While Peter Pan the panto is playing out to packed audiences at Nottingham’s Theatre Royal, an altogether different performance of the classic story has wowed the crowds at the Capital FM Arena.
Peter Pan: The Never Ending Story promised to be a spectacular show, and with a wide array of impressive stunts and effects, it lived up to its expectations.
Fireworks, fabulous flying sequences - with wires and without - and the clever use of projected interactive video screens had the audience enchanted, as we were whisked into the magical world of Neverland.
The production followed the familiar story of Peter Pan, but instead of the characters having dialogue, the whole show was narrated by the voice of X Factor star Stacey Solomon, as Tinker Bell.
Peter (Sandor Stürbl), Wendy (Lilly-Jane Young)and the rest of the cast communicated only through song- but not specially-written songs for a musical show.
They instead sang an eclectic and sometimes quite surprising selection of pop songs from the last few decades, which ranged from Robbie Williams’ Angels to Madness’ Our House to Rod Stewart’s Sailing.
Though the cast all put in strong vocal performances, it was a slightly strange way of telling the tale and would have made it hard to follow for anybody not familiar with the story.
An opera singing Captain Hook was however, an unusual but amusing way of portraying Peter’s arch nemesis.
The star-billing of the show was of course Stacey Solomon’s Tinker Bell, but this part was seriously under-played.
Though her voice featured throughout, she was actually only on stage for a few minutes in the second half, belting out an excellent rendition of You Raise Me Up, before disappearing again until the finale.
This shouldn’t however take away from a stunning show that had you spellbound.
Reports suggest that it cost over £10m to produce Peter Pan: The Never Ending Story.
It is easy to see where that money was spent, with some incredible stunts and fantastic costumes on display.
The most breath-taking of these was the high-powered fan, well-concealed on the stage, that was used for some of Peter Pan’s amazing flying sequences.
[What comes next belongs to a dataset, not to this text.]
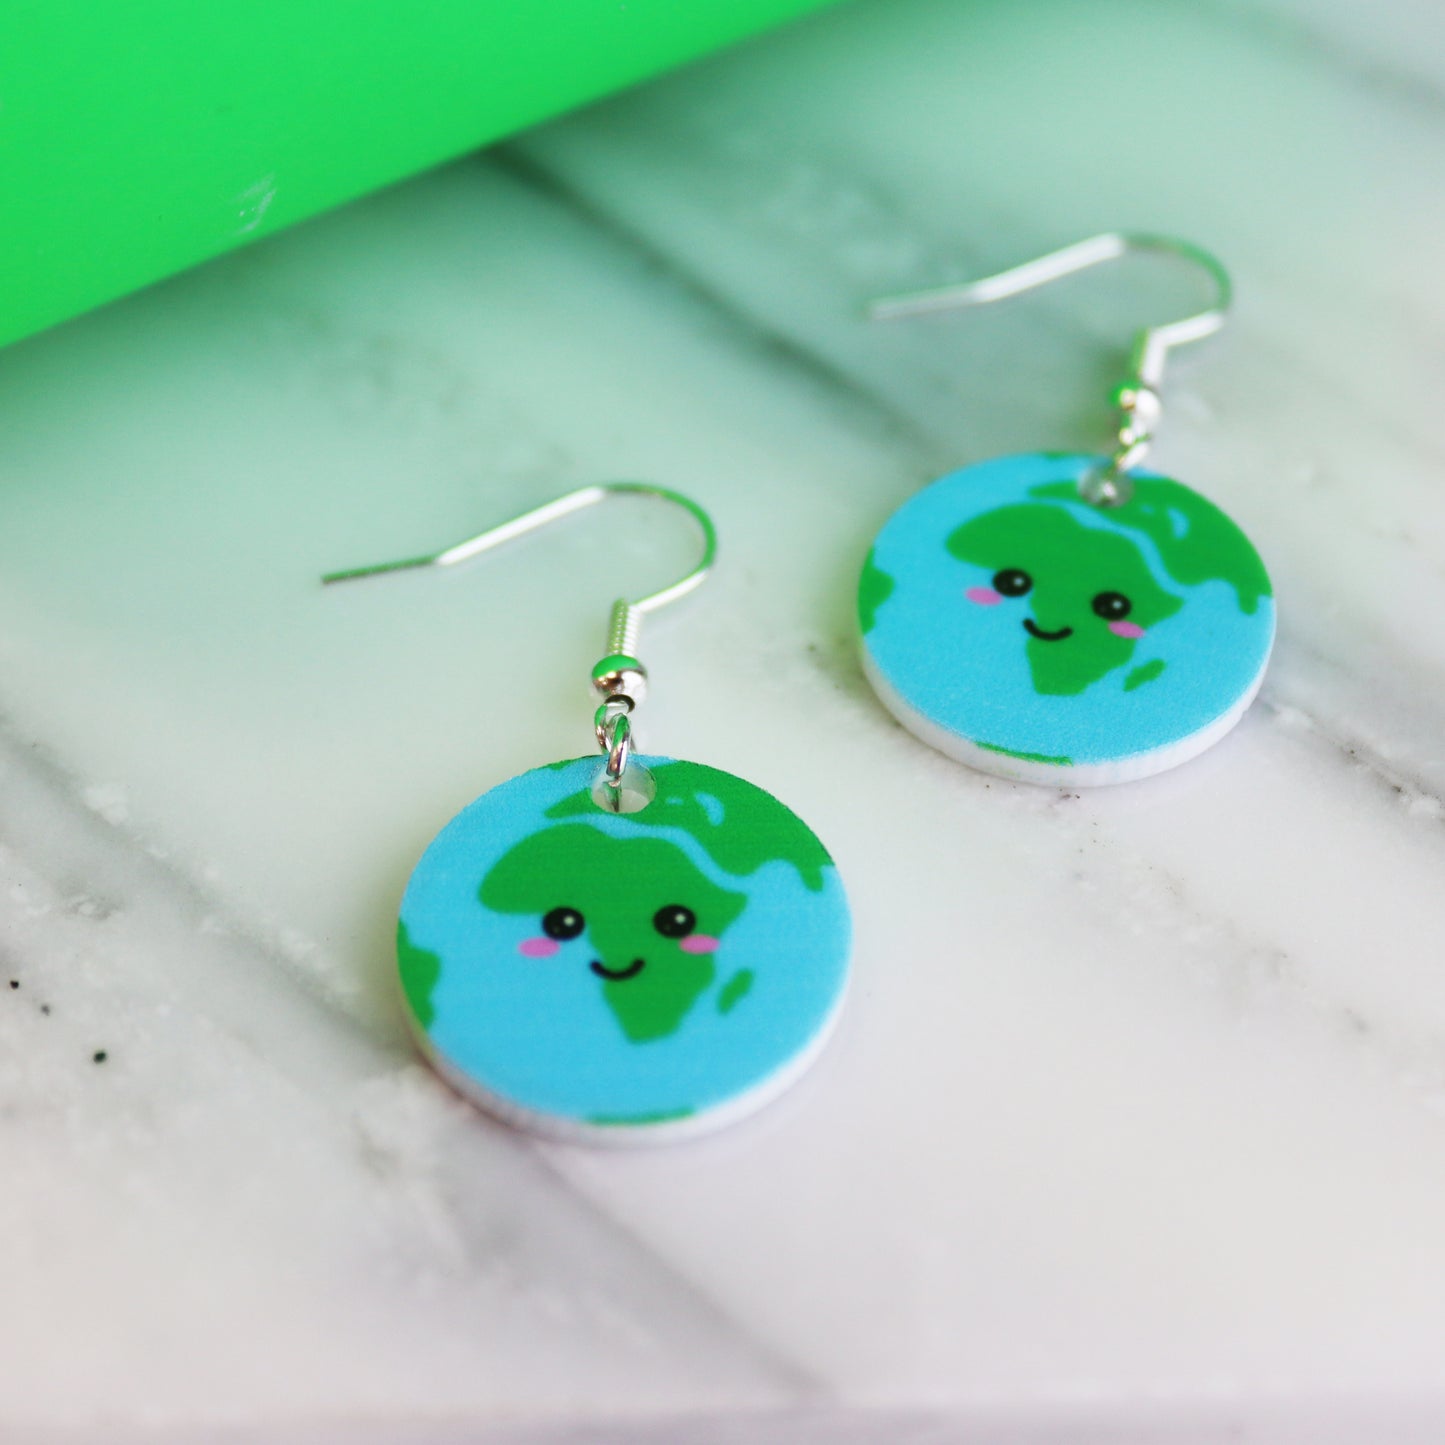 You are my whole world fun kawaii based earth earrings shown on marble background

The control and grace the stuntman used while flying was beautiful, as he swooped and dived and somersaulted in mid-air.
A special mention needs to be given to the dancers who played the lost boys, indians and pirates. Their street dance meets capoiera style, infused with some stunning acrobatics, left the audience open-mouthed.
The kids in the crowd were also fascinated by the portrayal of the ticking crocodile that ate Hook’s hand.
Several men inside a huge head and green fabric body weaved around the floor, hunting Hook until it eventually got to finish him off!